Real-Time Multilevel Terrain-Aware Path Planning for Ground Mobile Robots in Large-Scale Rough Terrains

Abstract

Autonomous ground mobile robots rely on their configuration characteristics to prevent tip-overs and collisions, ensuring safe navigation in complex environments. However, complex configurations with specially designed links and joints produce a higher-dimensional workspace and bring significant challenges for path planning, especially in large-scale rough terrains. To address this, we propose a real-time multi-level terrain-aware path planning framework that integrates different levels of terrain awareness into the global and local layers. An implicit map representation is introduced at the global layer to enable efficient terrain analysis and path planning, while an iterative geometric evaluation is designed at the local layer to estimate configuration stability and improve path smoothness.
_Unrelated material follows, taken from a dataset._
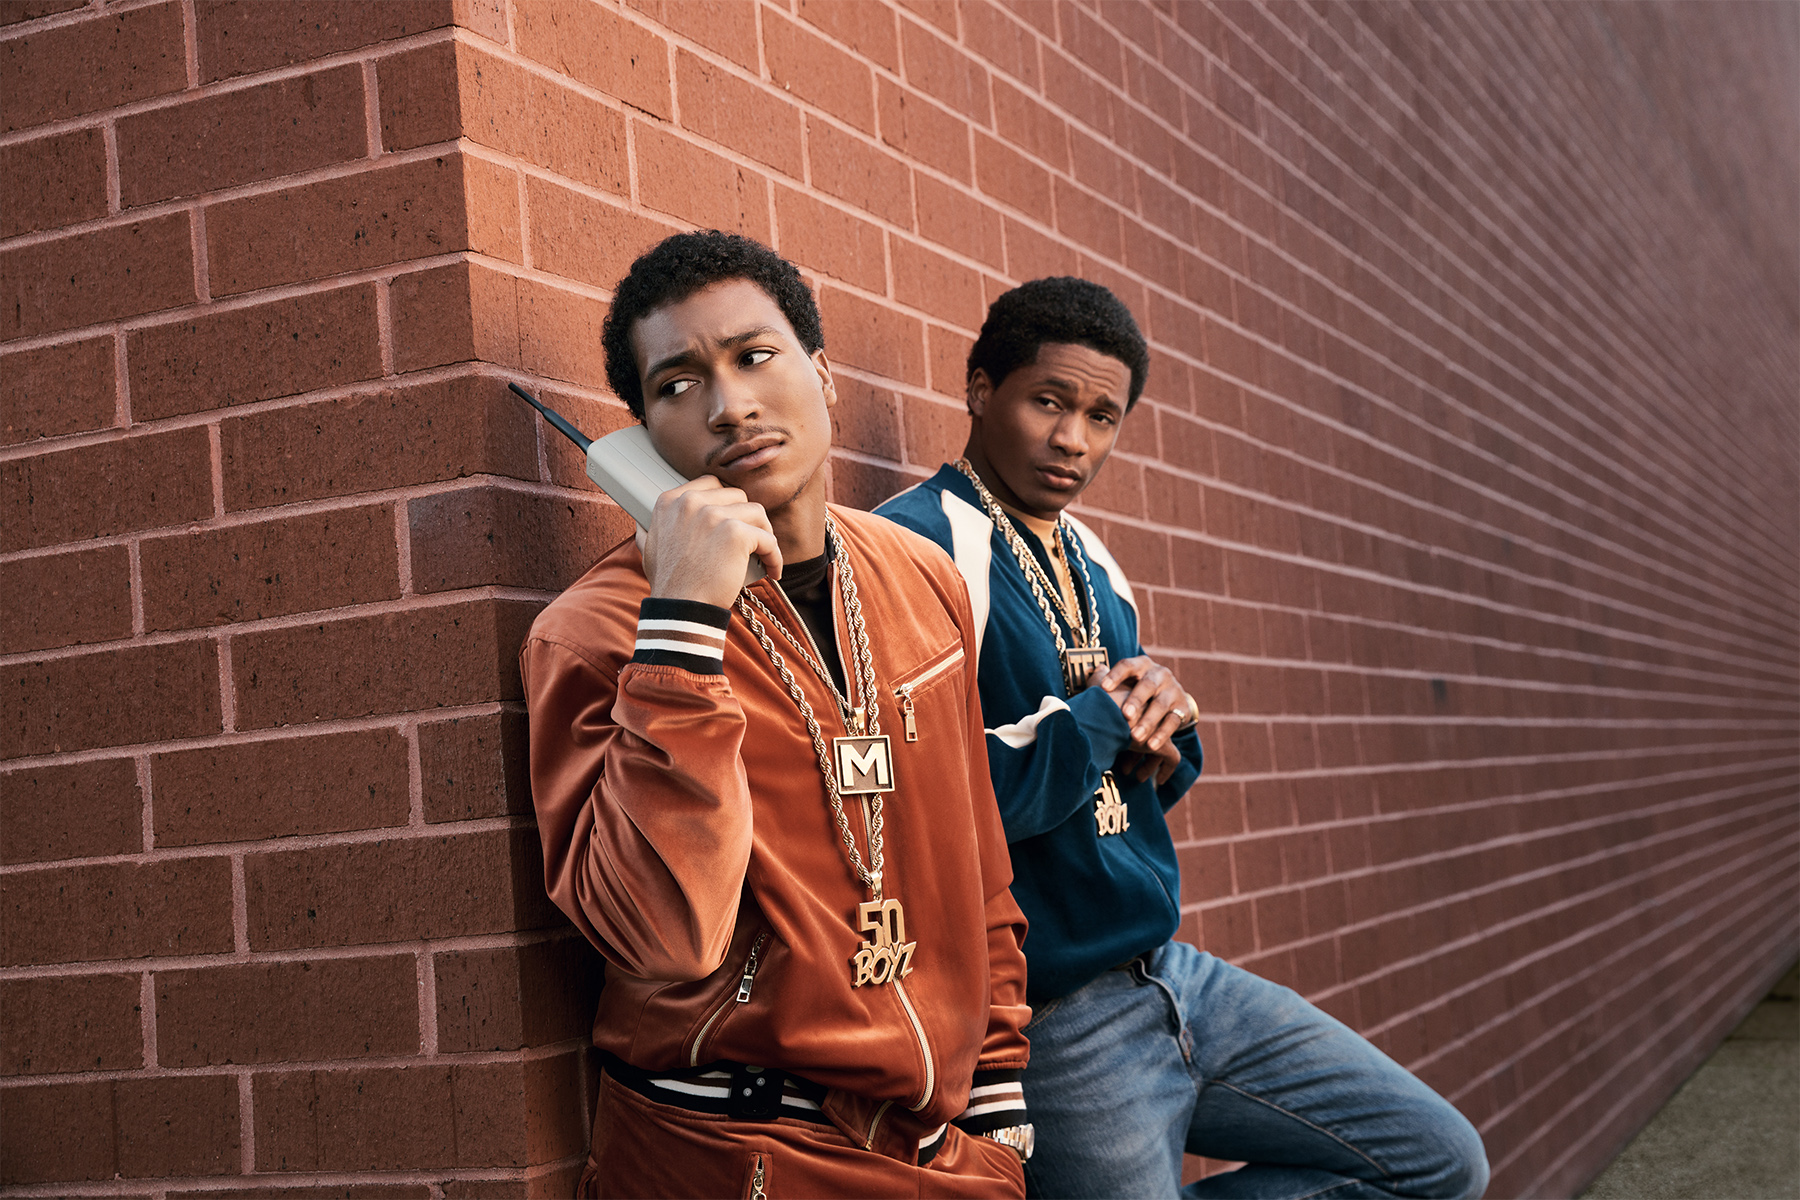 Demetrius Flenory Jr. and Da'Vinchi star in 'BMF'

By sharing the global layer information with the local layer, the framework enhances path planning efficiency and adaptability in complex environments. Its modular design supports diverse robot configurations and pathfinding algorithms, enabling effective autonomous navigation in large-scale 3D terrains with online or offline maps. Simulations and real-world experiments demonstrated that our approach outperforms state-of-the-arts across diverse environments, including uneven terrains, multi-layered structures, and complex debris fields. The results highlighted that our approach provides faster and safer path planning, more accurate and robust configuration-stability estimation, and higher success rates in traversing complex 3D environments.